Using BeautifulSoup to crawl through the featured 25 reviews for each of the films, for a total of 100 reviews. The four movies are: "The Thing (1982)", "A Quiet Place", "Alien Covenant", and "The Shining". Each of these has a mix of positive and negative reviews, though the distribution of these depends on the 'quality' of the film. 

In [2]:
### assign headers since IMDB rejects the requests without it
headers = {'User-Agent':'Mozilla/5.0 (X11; Linux x86_64) AppleWebKit/537.36 (KHTML, like Gecko) Chrome/110.0.0.0 Safari/537.36 Edg/110.0.1587.50'}

In [3]:
## The Thing (1982)
url1 = 'https://www.imdb.com/title/tt0084787/reviews/?ref_=tt_ov_rt'
## A Quiet Place
url2 = 'https://www.imdb.com/title/tt6644200/reviews/?ref_=adv_li_tt'
## Alien Covenant
url3 = 'https://www.imdb.com/title/tt2316204/reviews/?ref_=adv_li_tt'
## The Shining
url4 = 'https://www.imdb.com/title/tt0081505/reviews/?ref_=fn_al_tt_1'

#movie list
movies = ['The_Thing','A_Quiet_Place','Alien_Covenant','The_Shining']
#url list
urls = [url1, url2, url3, url4]

In [4]:
def get_links(movielist,urllist):
    refs = []
    title = []
    index = []
    for i in range(len(movielist)):
        movie = get(urllist[i],headers=headers)
        movie_soup = BeautifulSoup(movie.content,'html.parser')
        container = movie_soup.find_all(class_='title')
        for j in range(len(container)):
            refs.append('https://www.imdb.com'+ container[j]['href'])
            title.append(movielist[i])
            index.append('{}_{}'.format(movielist[i],j))
    return(pd.DataFrame({'movie':title,
                         'url':refs,
                         'review':index
                        }))

In [5]:
review_links = get_links(movies,urls)
review_links

Unnamed: 0,movie,url,review
0,The_Thing,https://www.imdb.com/review/rw0197822/?ref_=tt...,The_Thing_0
1,The_Thing,https://www.imdb.com/review/rw3346521/?ref_=tt...,The_Thing_1
2,The_Thing,https://www.imdb.com/review/rw1833451/?ref_=tt...,The_Thing_2
3,The_Thing,https://www.imdb.com/review/rw6379386/?ref_=tt...,The_Thing_3
4,The_Thing,https://www.imdb.com/review/rw0197779/?ref_=tt...,The_Thing_4
...,...,...,...
95,The_Shining,https://www.imdb.com/review/rw0179869/?ref_=tt...,The_Shining_20
96,The_Shining,https://www.imdb.com/review/rw7669173/?ref_=tt...,The_Shining_21
97,The_Shining,https://www.imdb.com/review/rw0180168/?ref_=tt...,The_Shining_22
98,The_Shining,https://www.imdb.com/review/rw2504629/?ref_=tt...,The_Shining_23


In [6]:
review_links.url[1]

'https://www.imdb.com/review/rw3346521/?ref_=tt_urv'

### 2. Extract Noun Phrase Chunks

#### a.

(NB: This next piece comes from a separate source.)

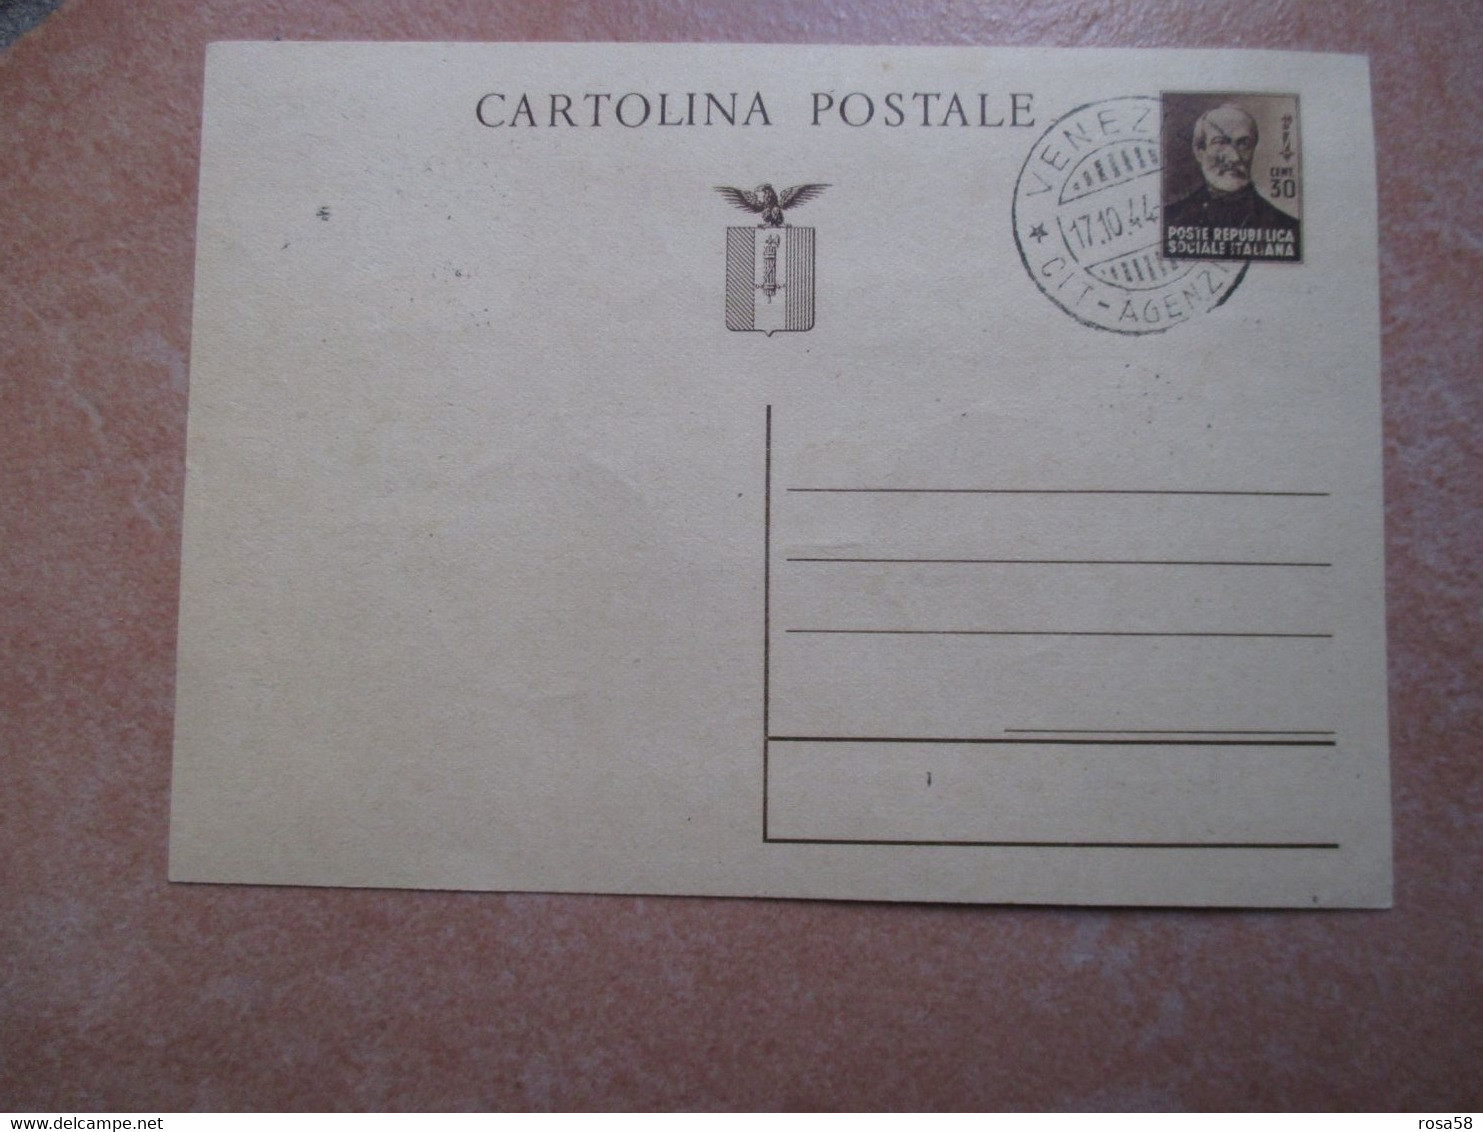 GC 17.10.1944 Cartolina POSTALE MAZZINI Supporto Serie Monumenti N.9 Valori Differenti Timbro Città Agenzia Postale - Interi Postali

Grab the review text from each link

In [24]:
def grab_review(links_table):
    tokens = []
    for i in range(len(links_table)):
        review = get(links_table.url[i],headers)
        review_soup = BeautifulSoup(review.content, 'html.parser')
        sent = []
        for string in review_soup.find(class_='text show-more__control').stripped_strings:
            sent.append(sent_tokenize(string))
        tokens.append([item for sublist in sent for item in sublist])
    return(pd.DataFrame({'movie':links_table.movie,
                         'review':links_table.review,
                         'tokens':tokens                         
                        }))

In [25]:
tokens = grab_review(review_links)

In [26]:
tokens

Unnamed: 0,movie,review,tokens
0,The_Thing,The_Thing_0,"[""I know I'm human., And if you were all these..."
1,The_Thing,The_Thing_1,"[A classic film., John Carpenter's ""The Thing""..."
2,The_Thing,The_Thing_2,[John Carpenter shows how much he loves the 19...
3,The_Thing,The_Thing_3,"[""The ultimate in alien terror,"" it says., It'..."
4,The_Thing,The_Thing_4,"[Remake of the classic 1951 ""The Thing From An..."
...,...,...,...
95,The_Shining,The_Shining_20,"[Chilling, majestic piece of cinematic fright,..."
96,The_Shining,The_Shining_21,[The Shining is directed by Stanley Kubrick an...
97,The_Shining,The_Shining_22,"[*!, !- SPOILERS - !!, *, Before I begin this,..."
98,The_Shining,The_Shining_23,[This film is currently the 48th highest rated...


#### b. NP Chunking

Define function for tokenizing and pos tagging each word in each of the reviews.

In [118]:
unrecognized = '\x96' #unrecognized character which shows in multiple reviews, removing it so as to not have it tagged

In [190]:
def tagger(review_tokens):
    tags = []
    for i in range(len(review_tokens.tokens)):
        words_review = []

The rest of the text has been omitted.